On Wednesday, Tillis responded to a rebuke of him by President Donald Trump, who said the Senator from North Carolina was a “loser.”

“That obviously qualifies me to be the Homeland Security secretary,” he told CNBC.

In his letter to Secretary Noem, Tillis wrote that he was seeking “clarification” on “multiple public reports” from North Carolina that “allege that U.S. citizens were detained, subject to force, and experienced damage to personal property.”

“Local reporting describes, among other incidents, a U.S. citizen detained twice in a single day, with the second encounter involving agents shattering the individual’s vehicle window and forcibly removing him from the car.
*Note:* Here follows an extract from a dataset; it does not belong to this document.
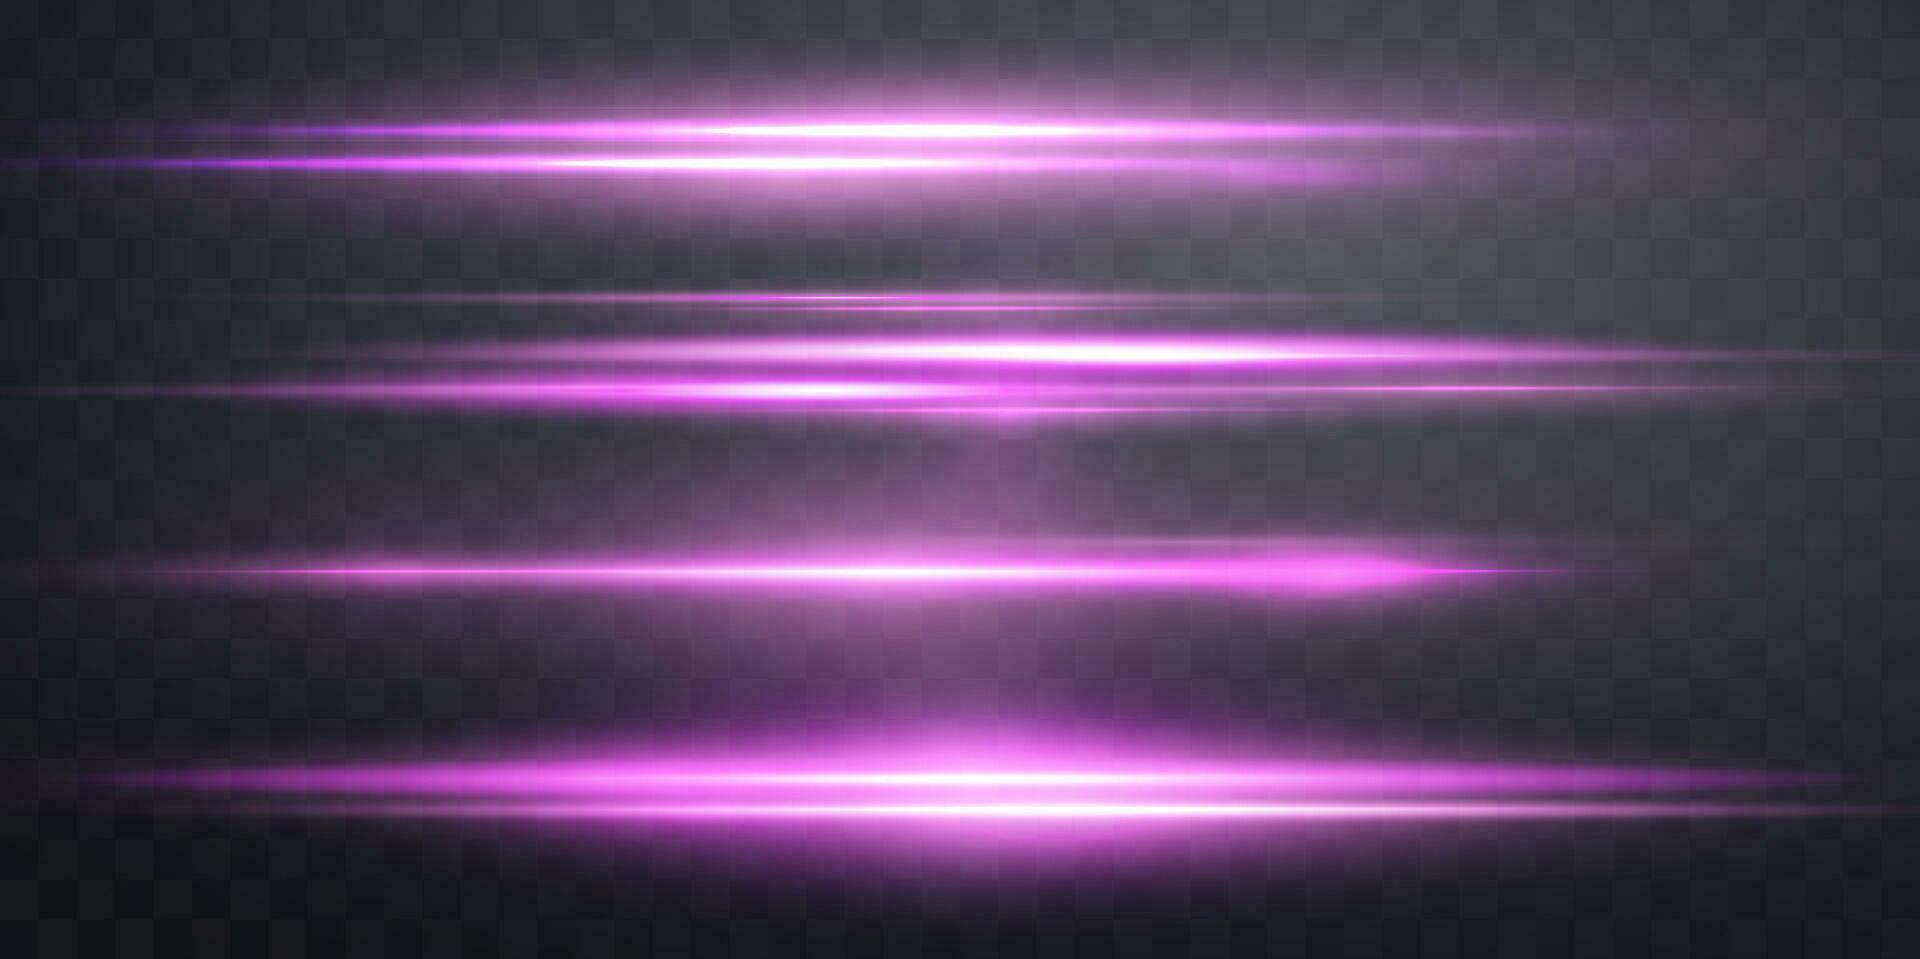 Rosa horizontal reflexo de lente. luz instantâneo com raios Holofote. Rosa brilho flare luz efeito. vetor ilustração.

Other reports describe an 18-year-old U.S. citizen detained at his workplace in Cary, North Carolina, and later dropped off at a different location, where CBP agents tossed his belongings,” he wrote, asking if they “reflect substantiated incidents.”

Tillis also shared similar concerns in Minneapolis, Minnesota, “where DHS enforcement actions reportedly involved U.S. citizens, use of force, reliance on administrative warrants, and unclear predication for initial engagements.”

“Taken together, these events point to a broader transparency and accountability gap in DHS interior enforcement operations that this Committee has a responsibility to address.”

Tillis’s sweeping demand calls for “all encounter-level data for DHS interior enforcement operations conducted in North Carolina and Minneapolis, including all stops, detentions, questioning, searches, releases, uses of force, property damage incidents, and encounters involving U.S. citizens,” among other items.

He noted that his “requests apply to all DHS components engaged in interior enforcement activities.”

Tillis also asked for training materials governing “obligations with respect to constitutional protections for U.S. citizens and lawful residents and describe how compliance is assessed and enforced.”

And he called for DHS policies “addressing entry into private residences based solely on administrative warrants, including how compliance with the Fourth Amendment is assessed, enforced, and reviewed in practice.”